• [PROBLEM]: The whole listing is to be given again without alteration, except that its pictures are dropped.

====

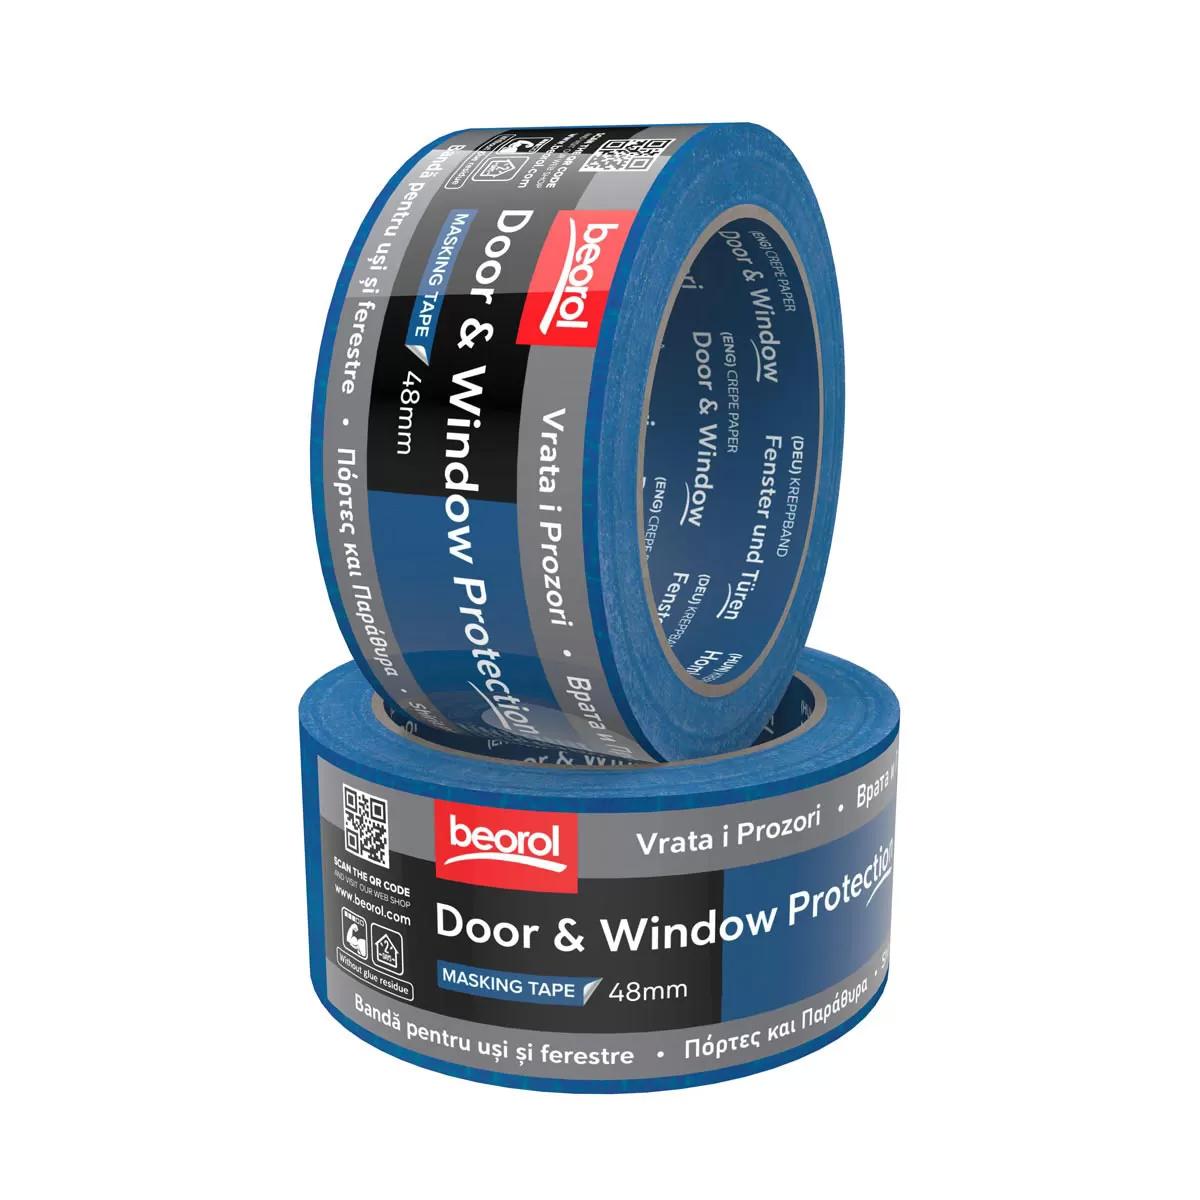 Masking tape Door & Window protection 48mm x 50m, 80ᵒC 
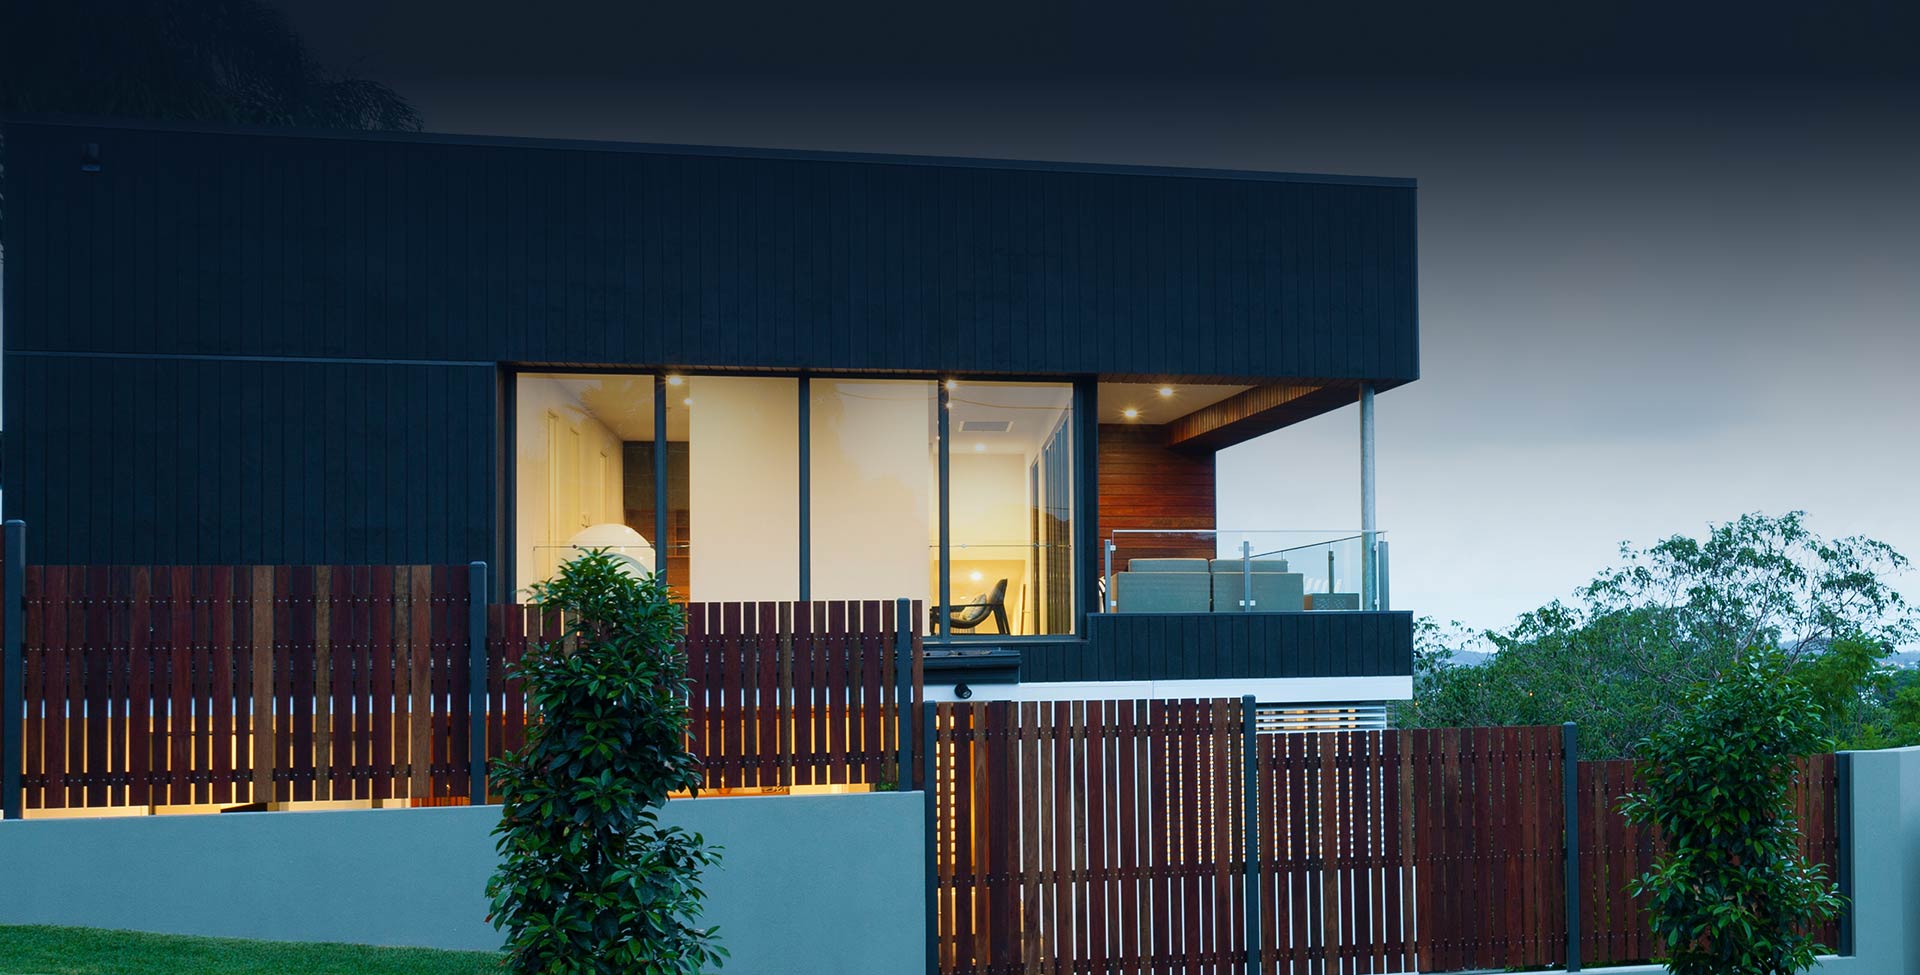 New stylish modern home exterior at dusk
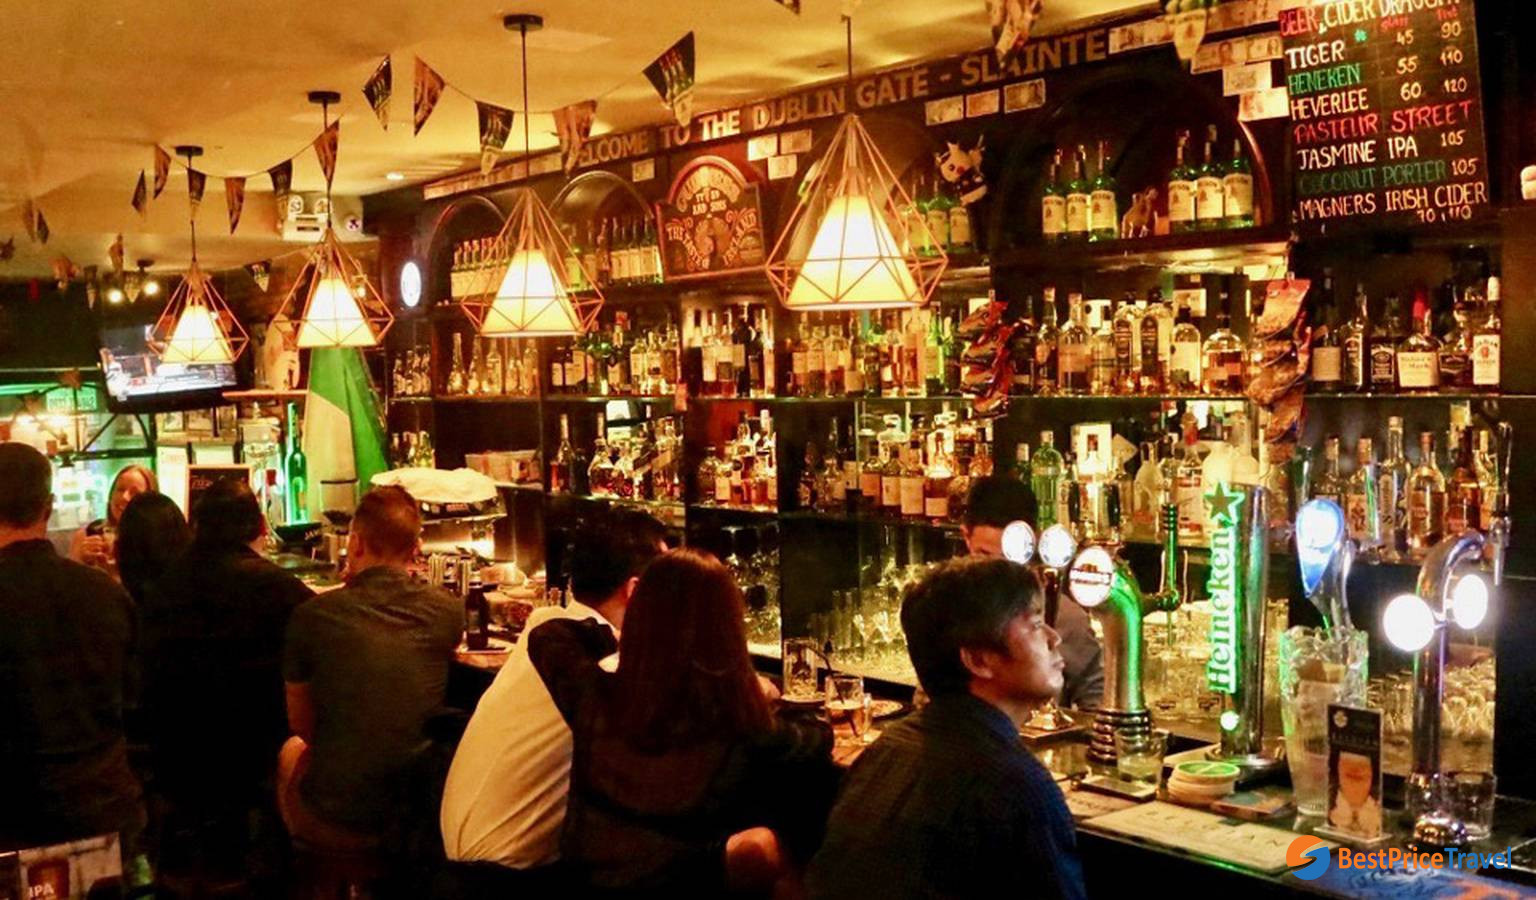 Dublin Gate Irish Pub in ho chi minh city
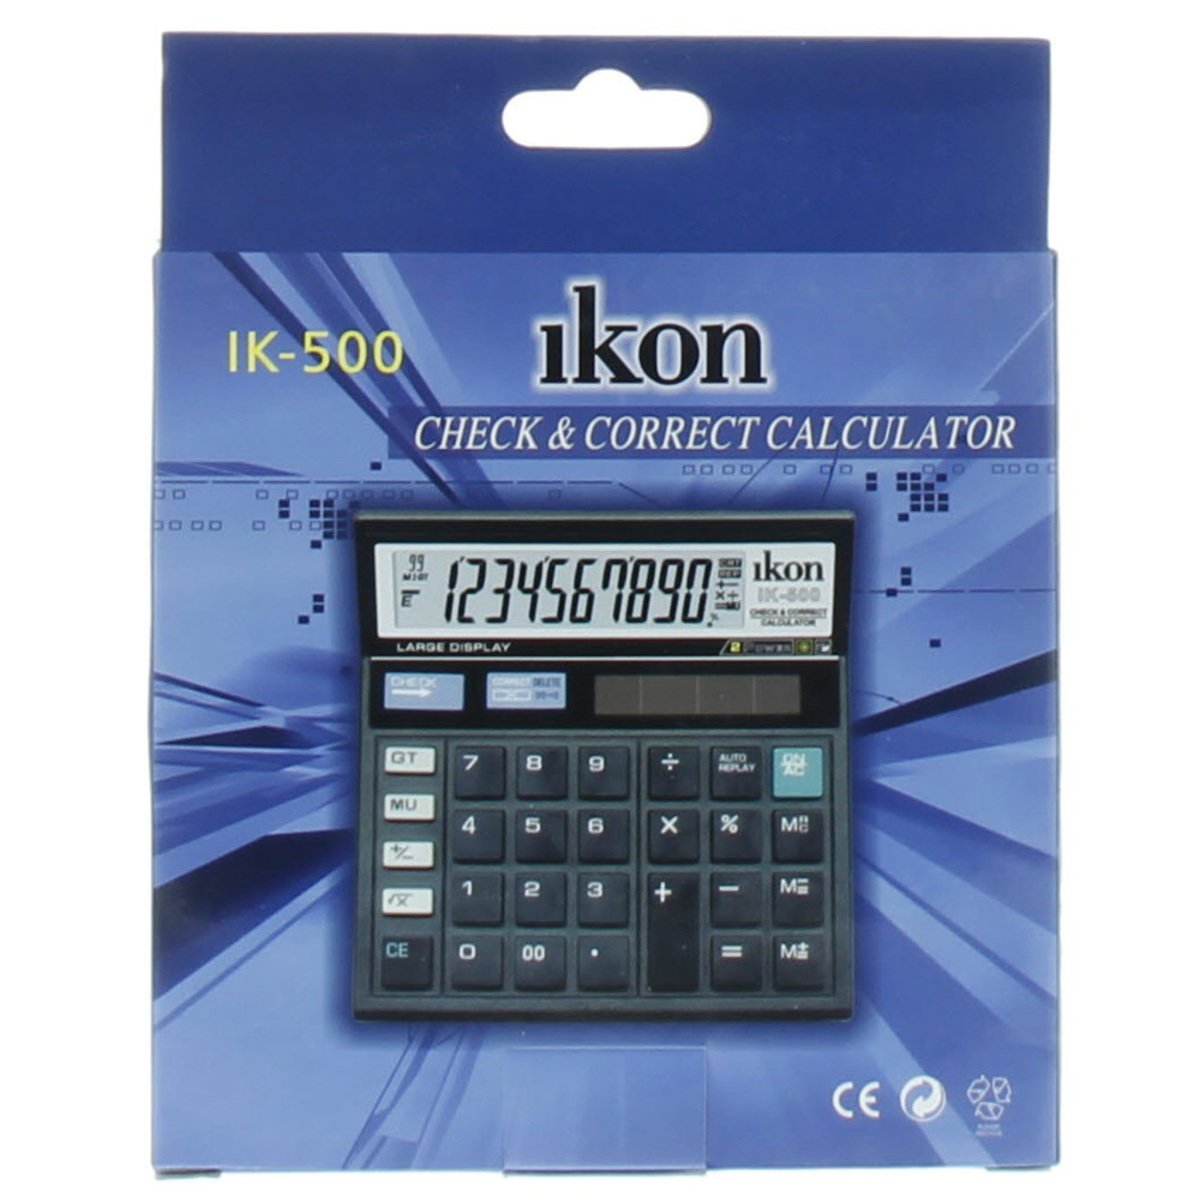 Ikon Check & Correct Calculator IK-500
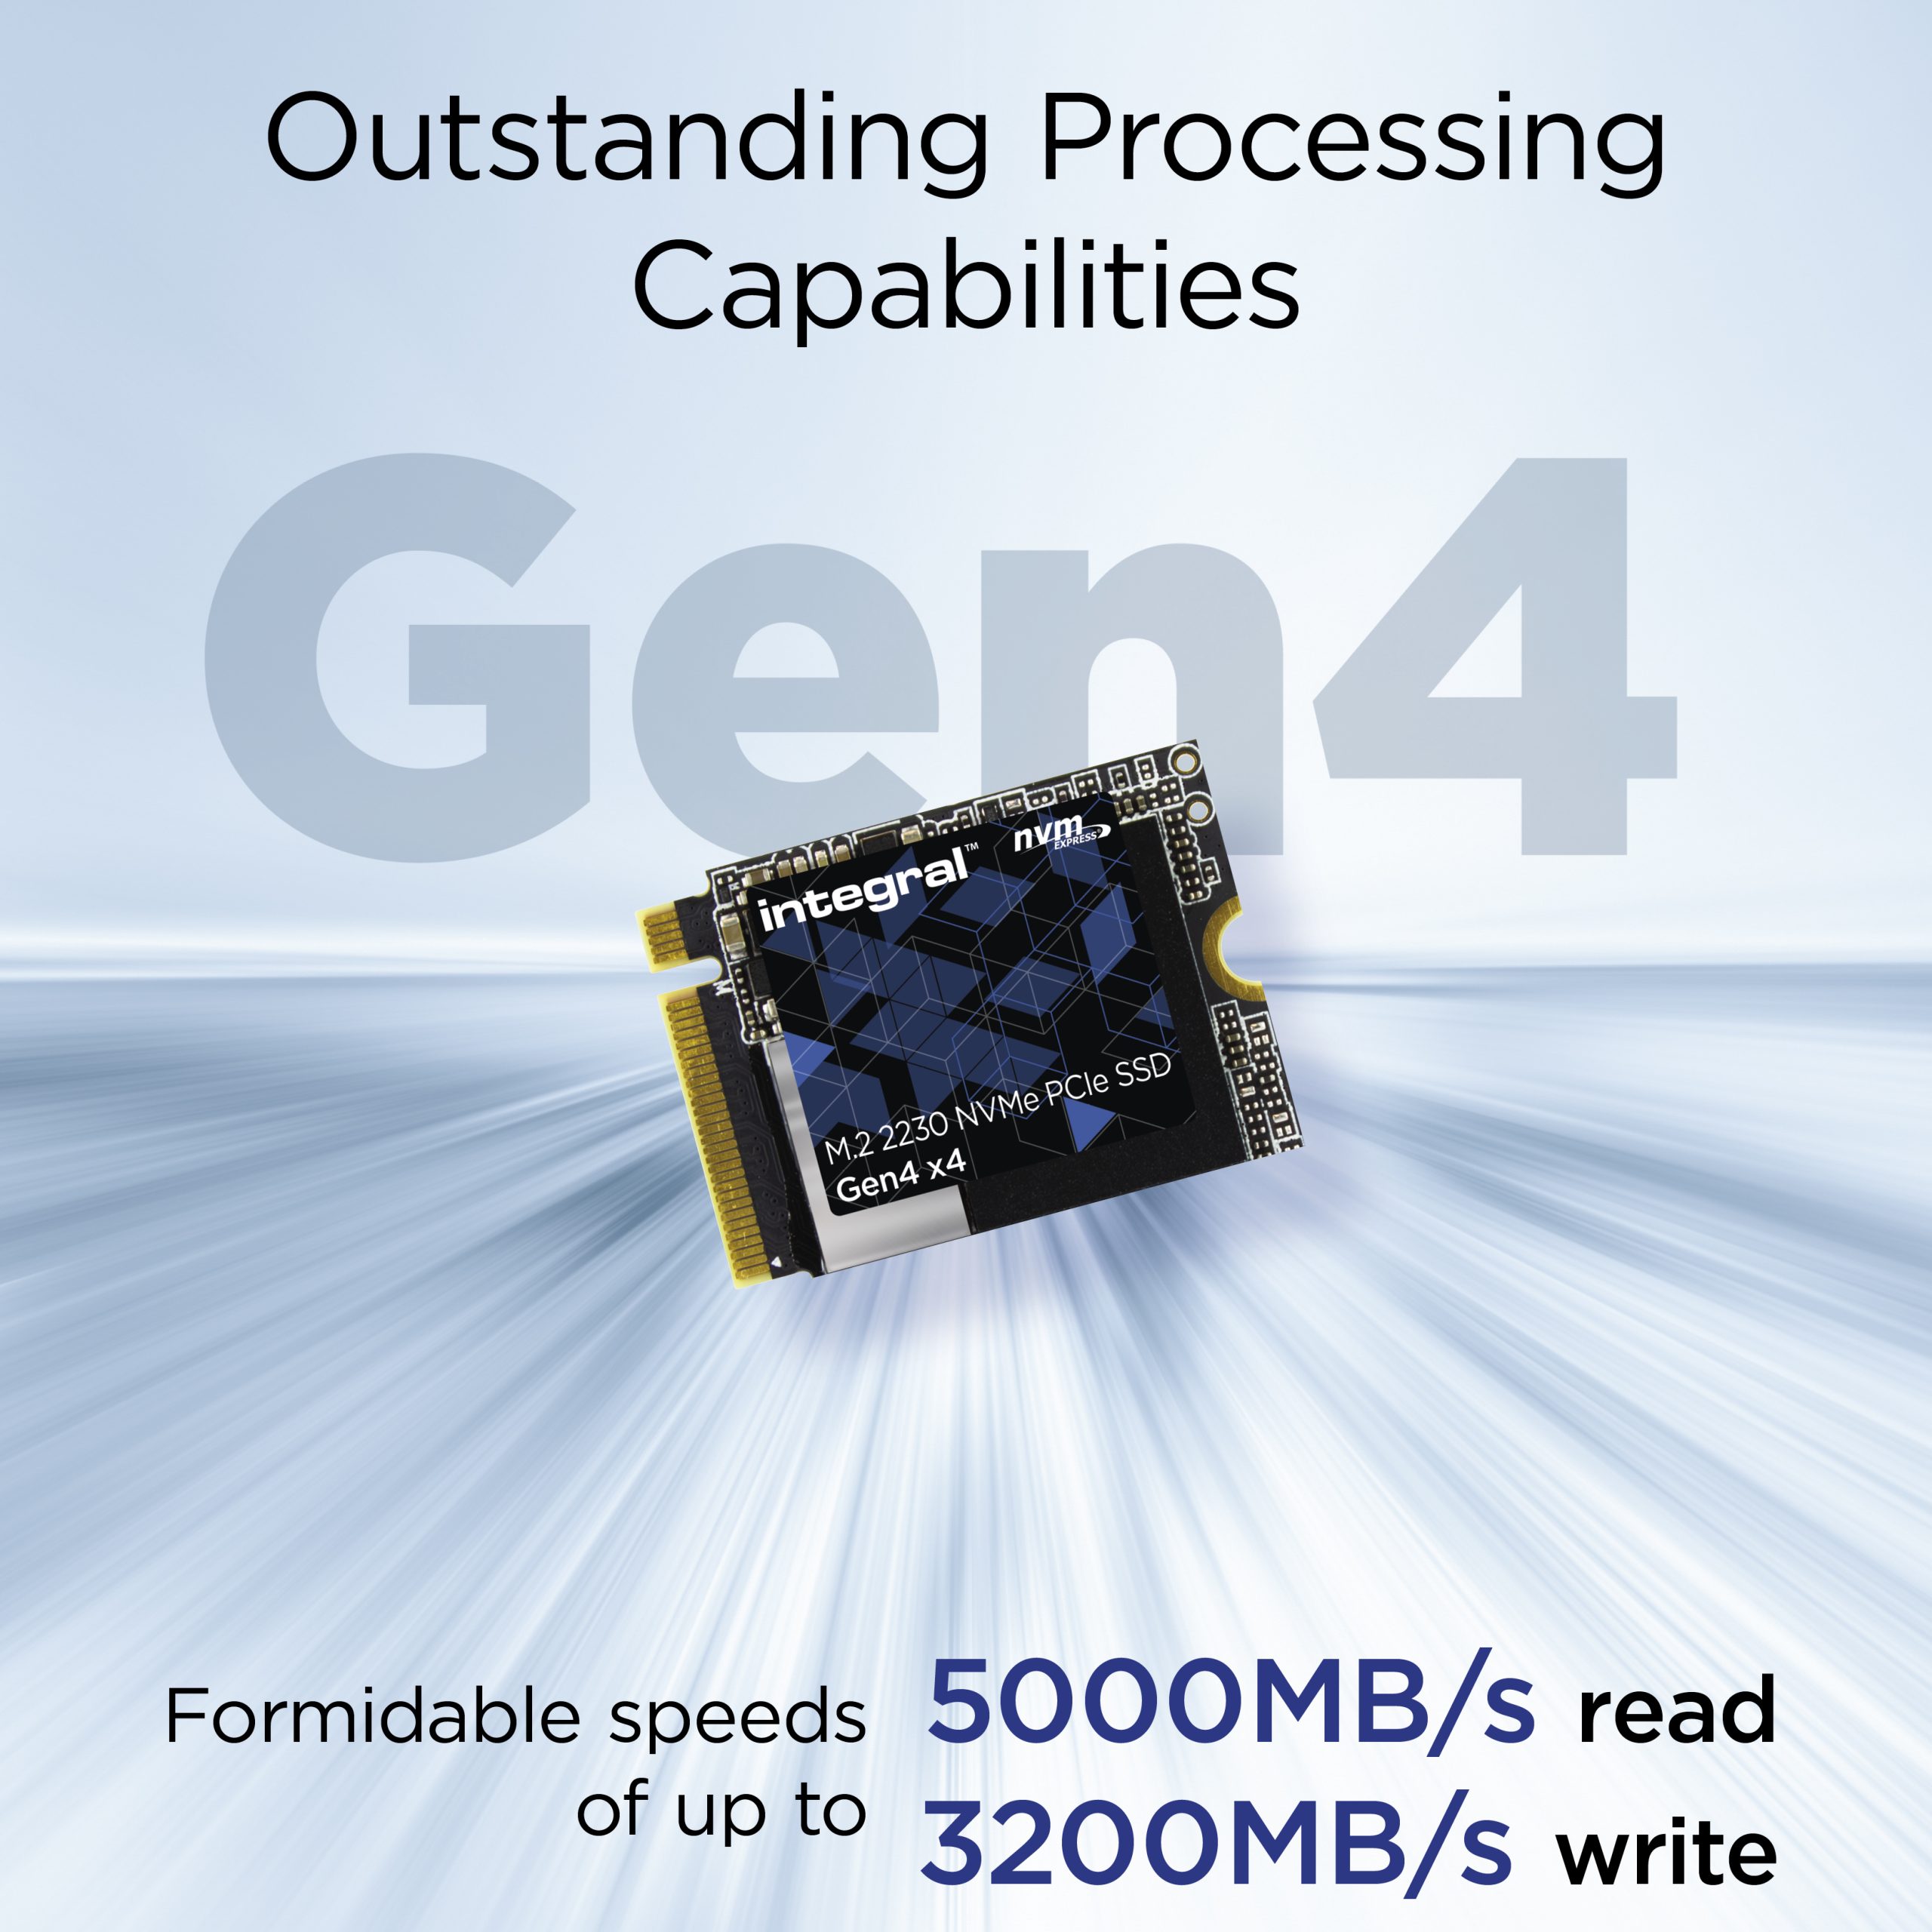 M.2 2230 SSD Gen3 Speeds up to 5000MB/s and up to 3200MB/s write speeds

====

• [OUTPUT OF THE TASK]:
 Masking tape Door & Window protection 48mm x 50m, 80ᵒC 
 New stylish modern home exterior at dusk
 Dublin Gate Irish Pub in ho chi minh city
 Ikon Check & Correct Calculator IK-500
 M.2 2230 SSD Gen3 Speeds up to 5000MB/s and up to 3200MB/s write speeds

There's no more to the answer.